Action item — Please copy the data exactly as it stands, minus the images.

Data block —
------------------------------------------------------------------------

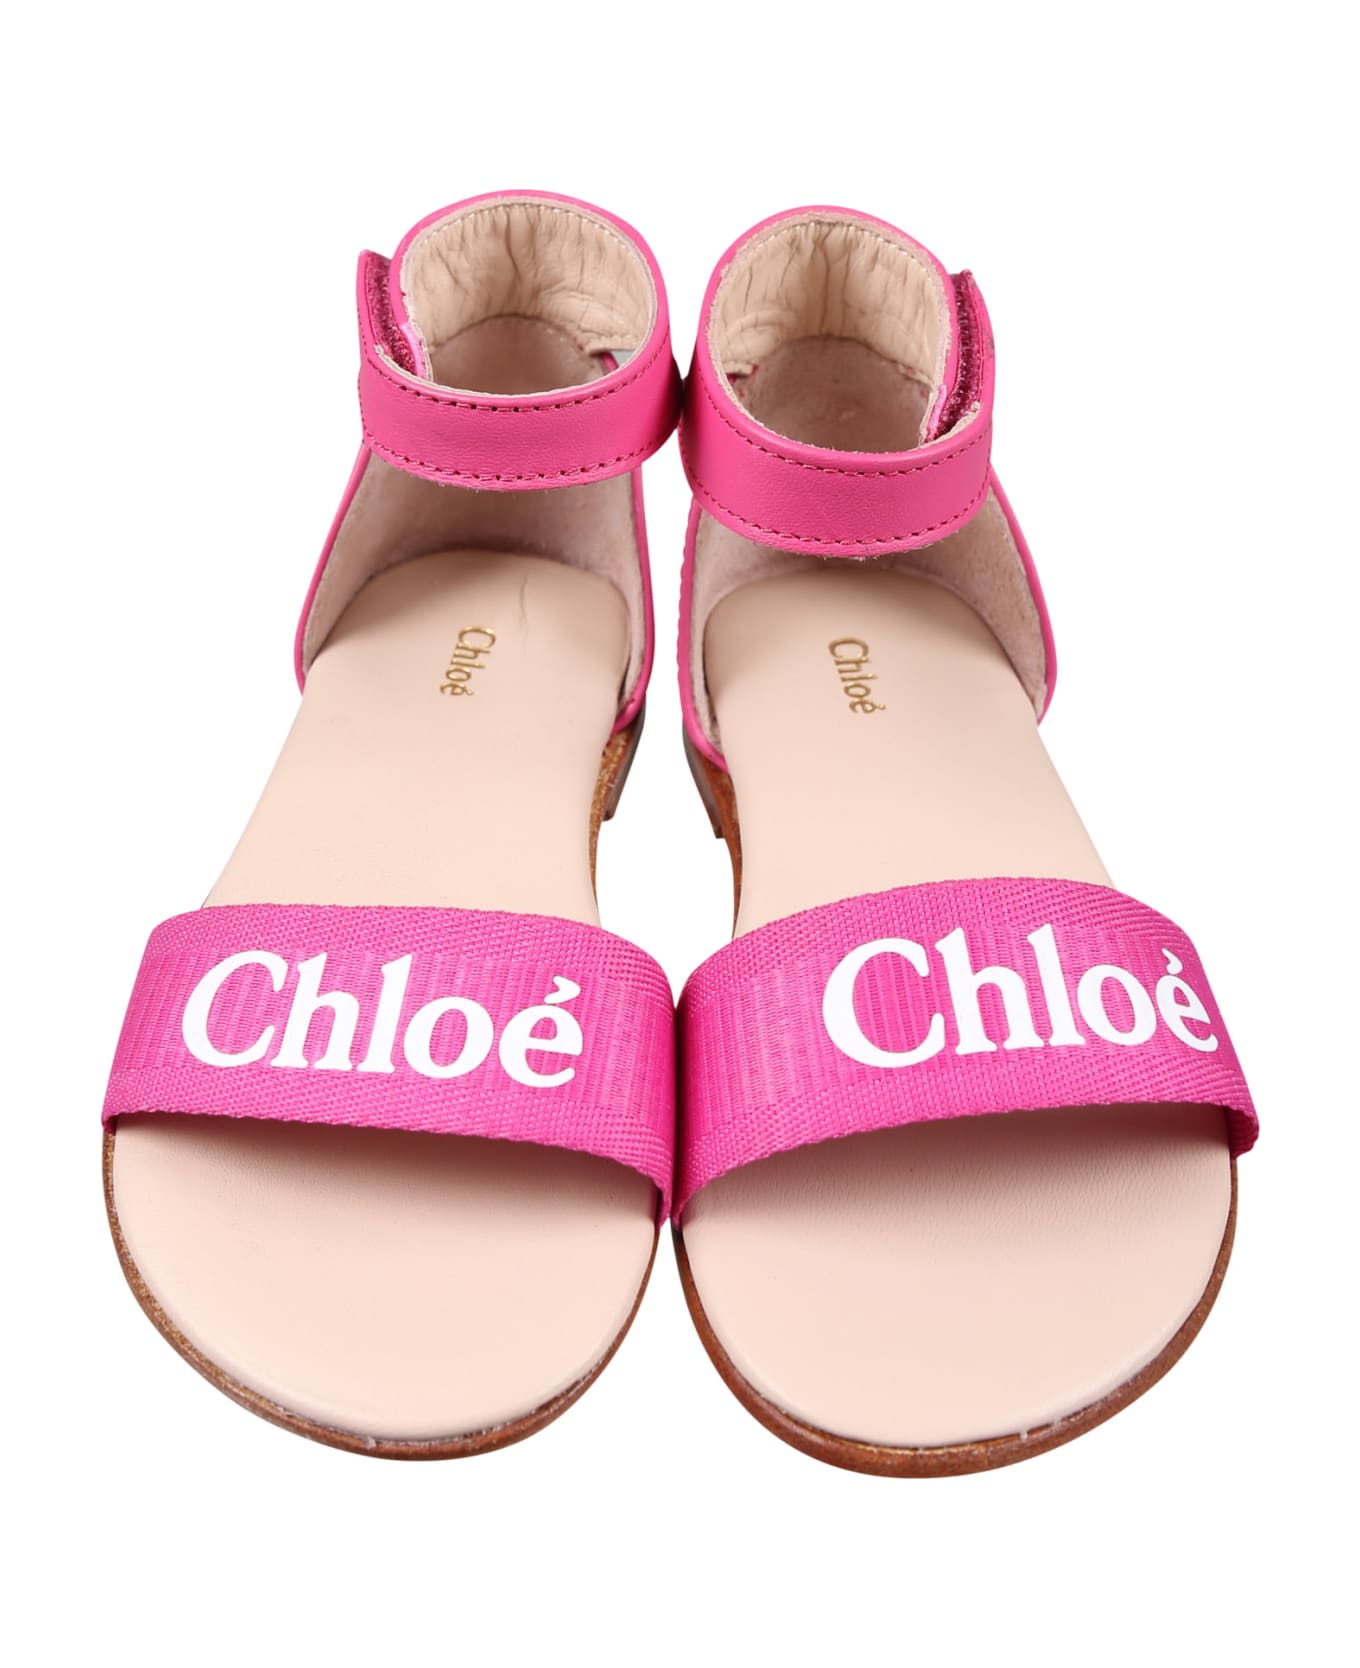 Chloé Fuchsia Sandals For Girl With Logo - Fuchsia シューズ
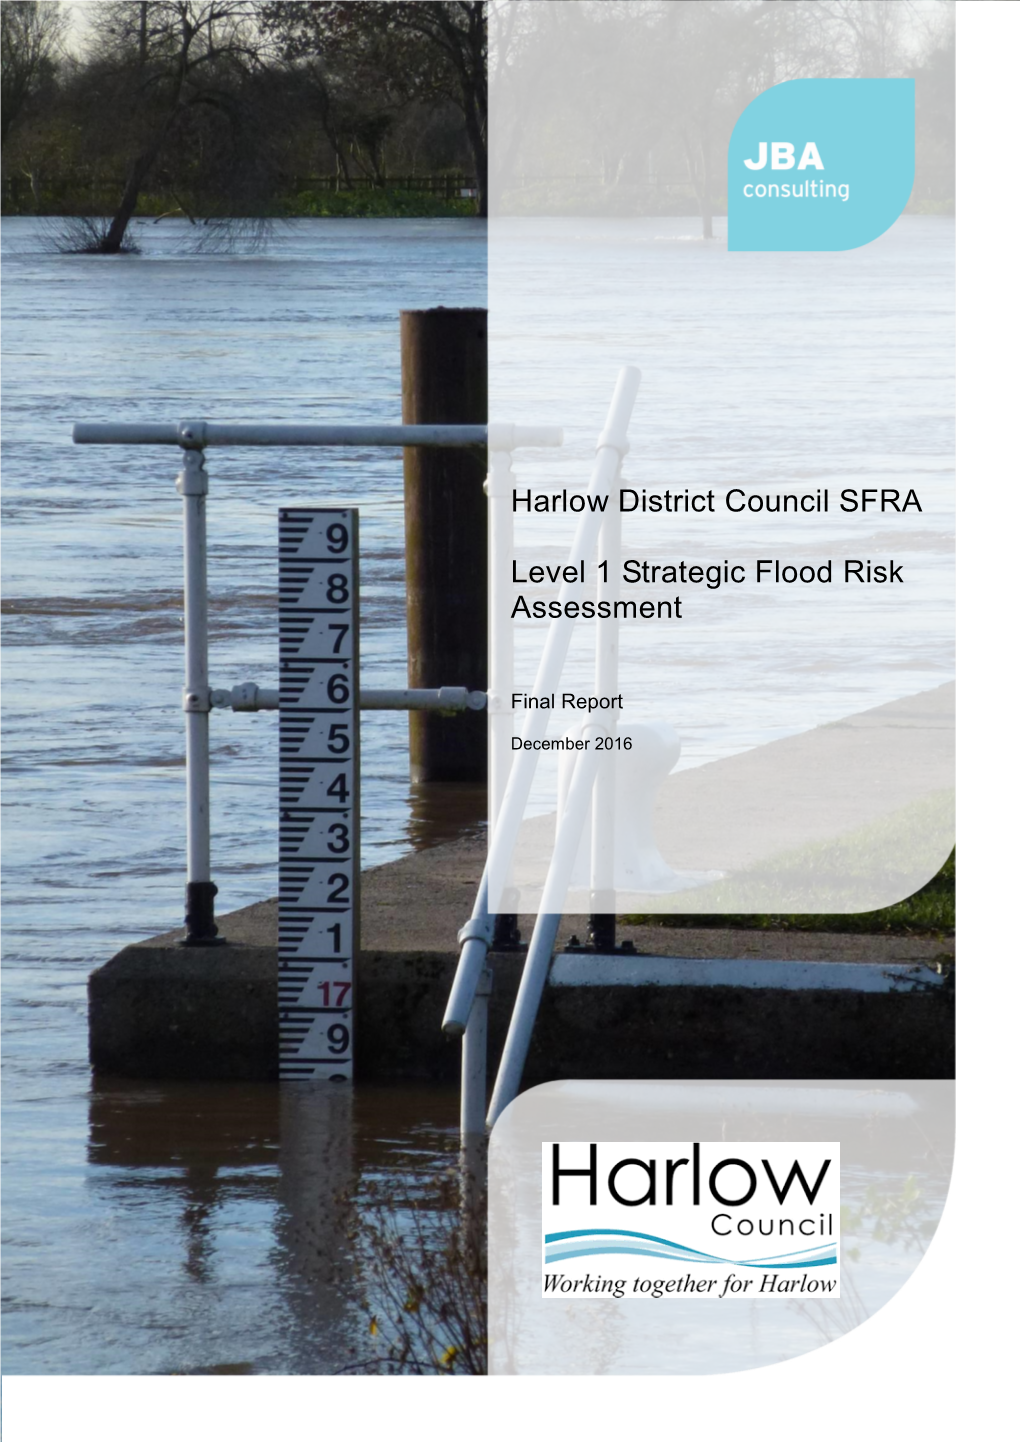 Harlow District Council SFRA Level 1 Strategic Flood Risk Assessment
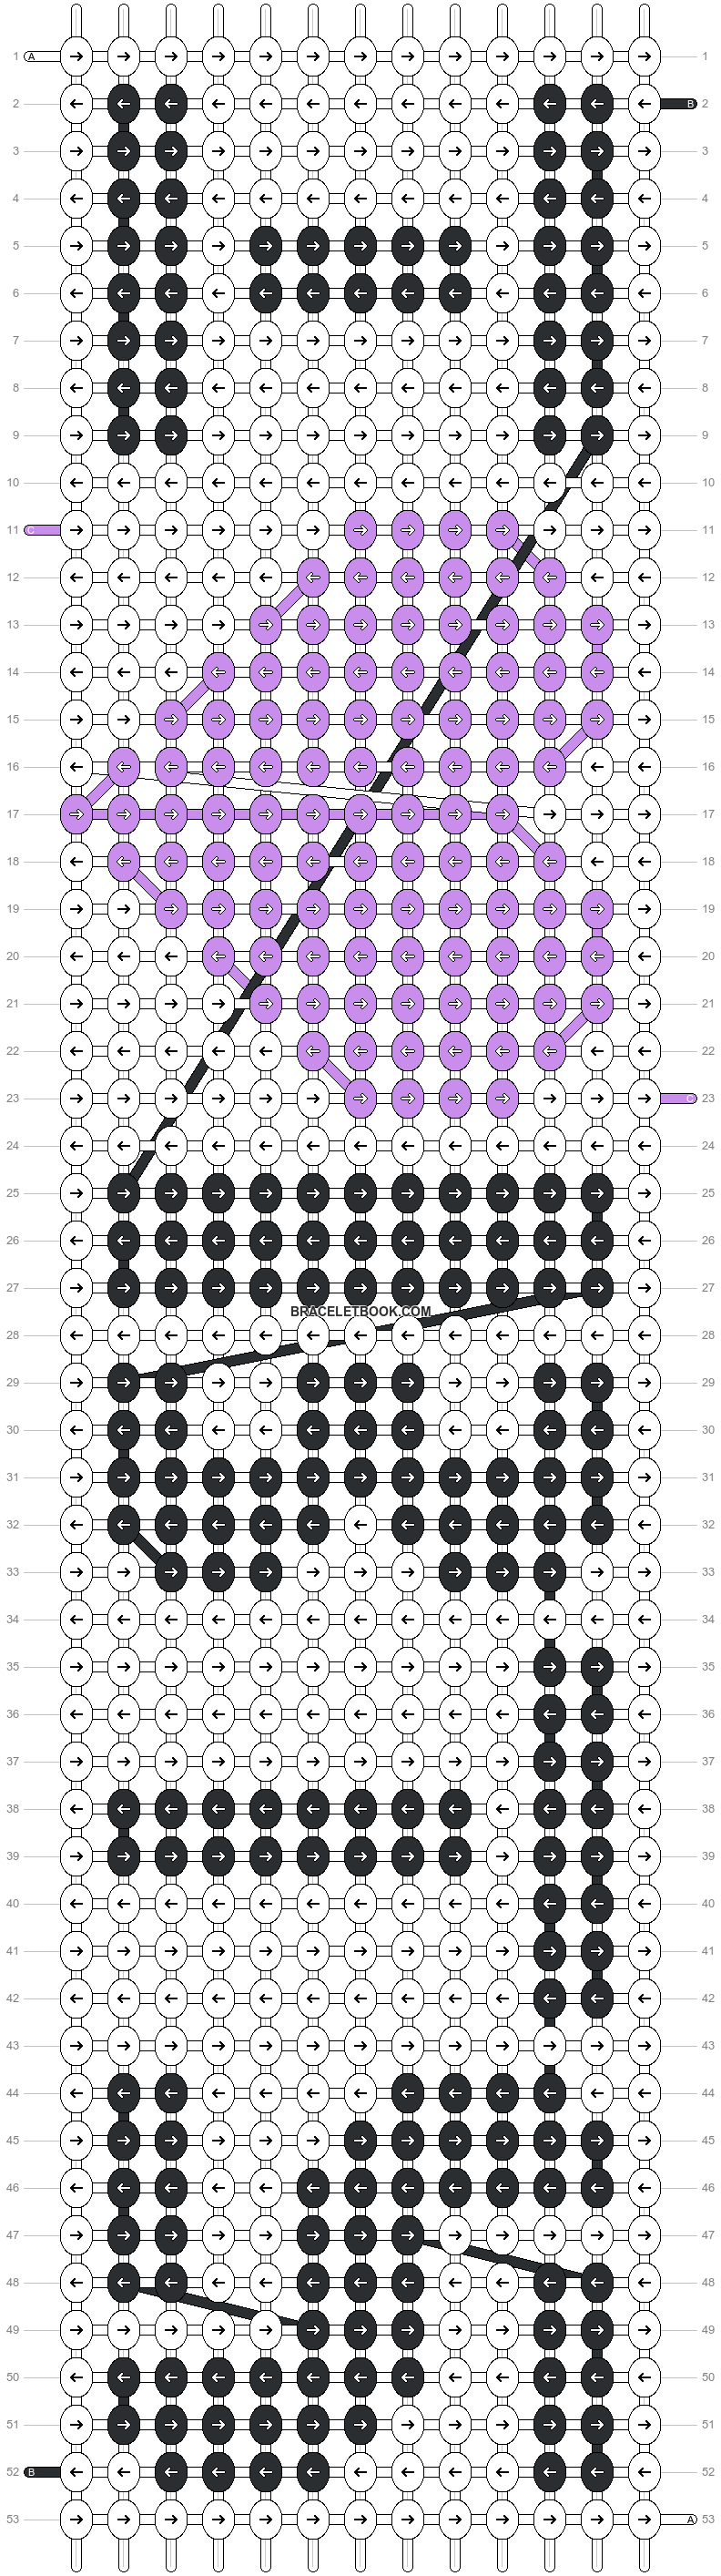 Alpha pattern #18455 variation #130398 pattern
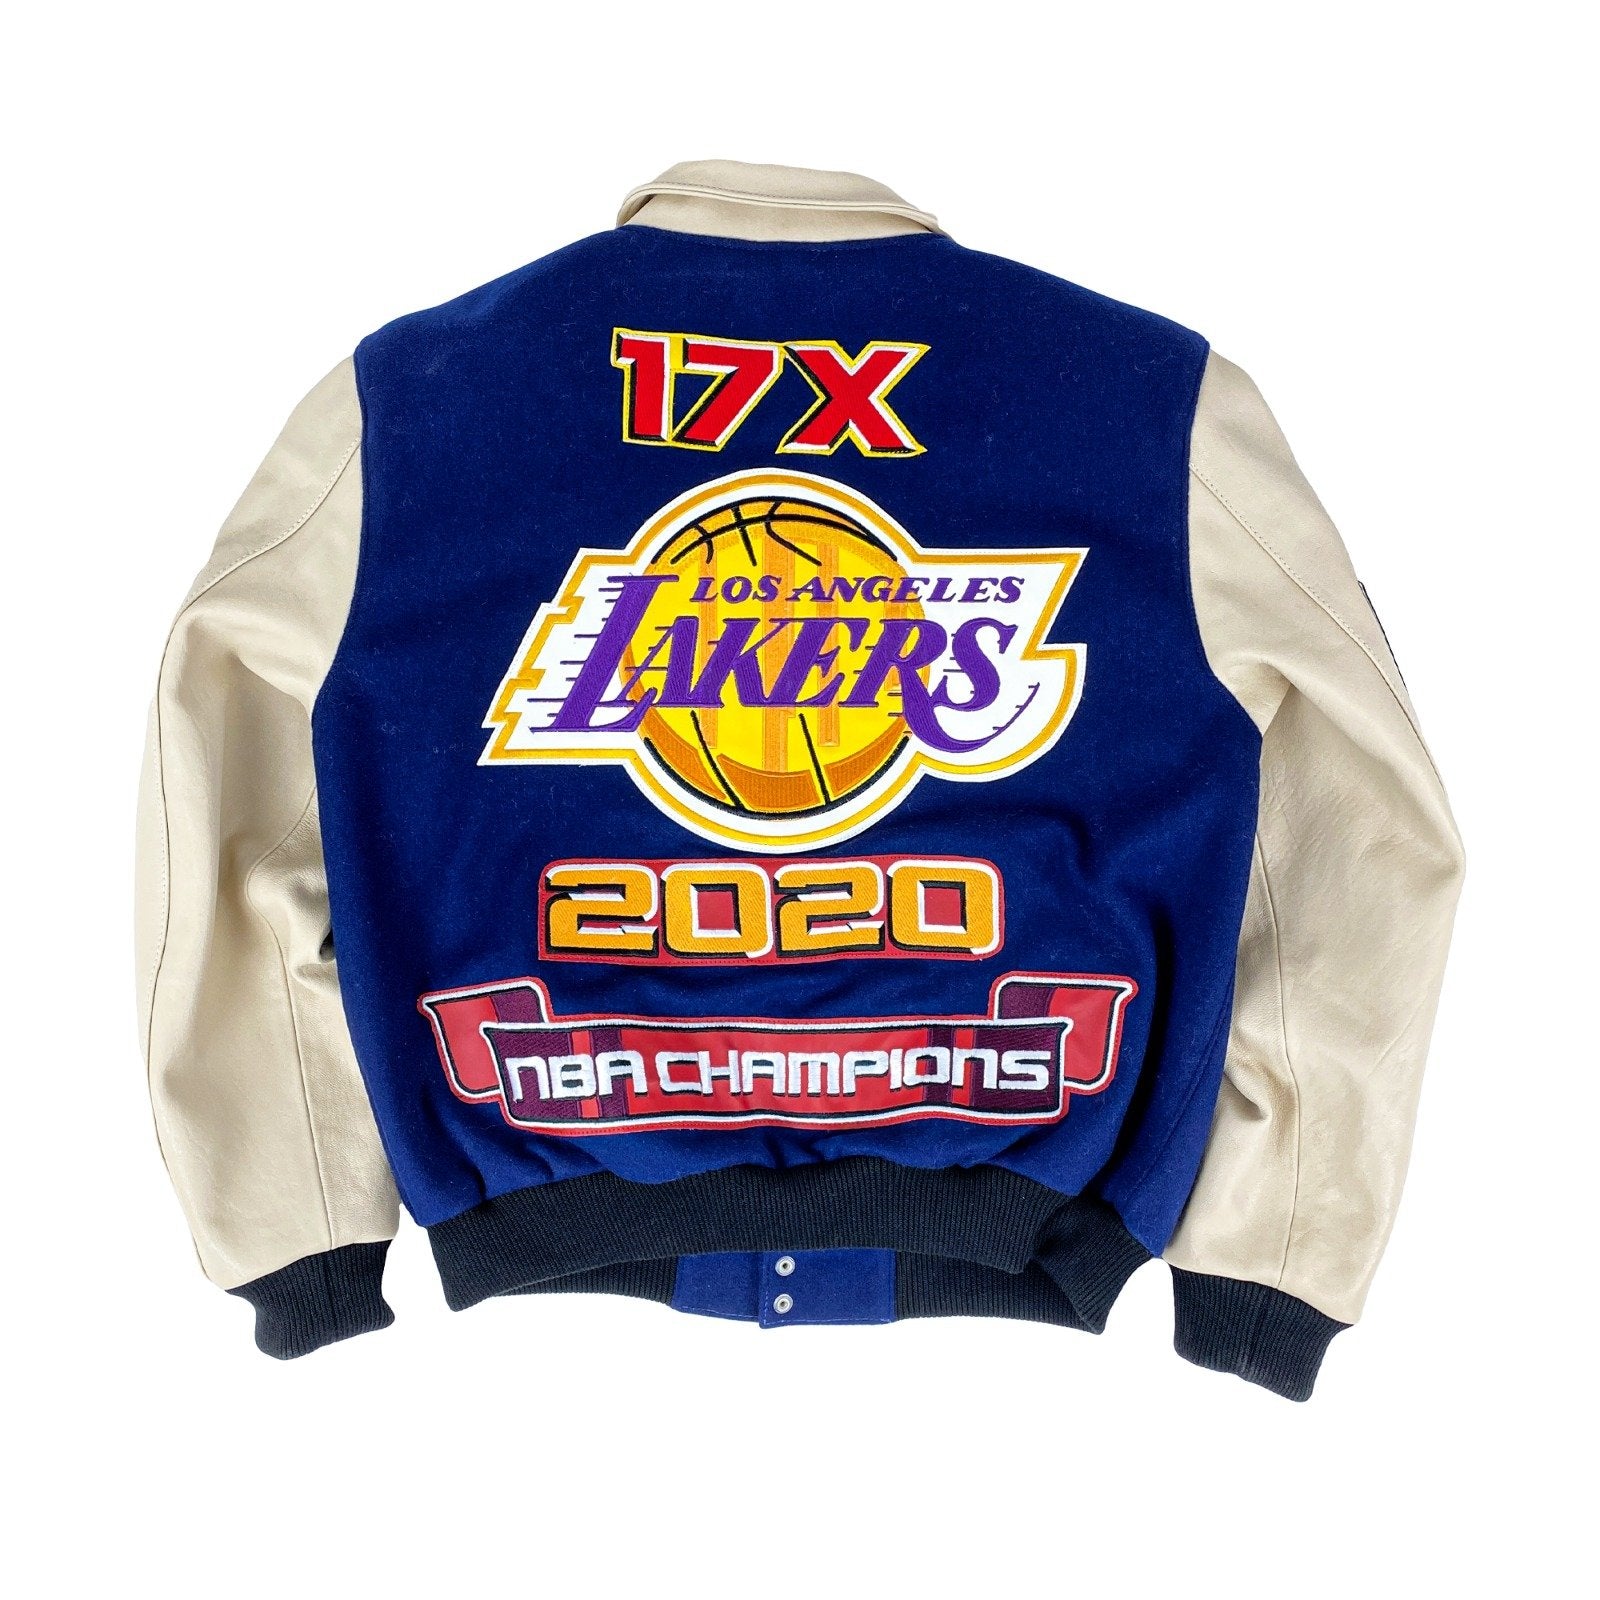 Shop Lakers Championship Jacket online

------------------------------------------------------------------------

Exercise output —
 Chloé Fuchsia Sandals For Girl With Logo - Fuchsia シューズ
 Harlow District Council SFRA Level 1 Strategic Flood Risk Assessment
 Alpha pattern #18455 variation #130398 pattern
 Shop Lakers Championship Jacket online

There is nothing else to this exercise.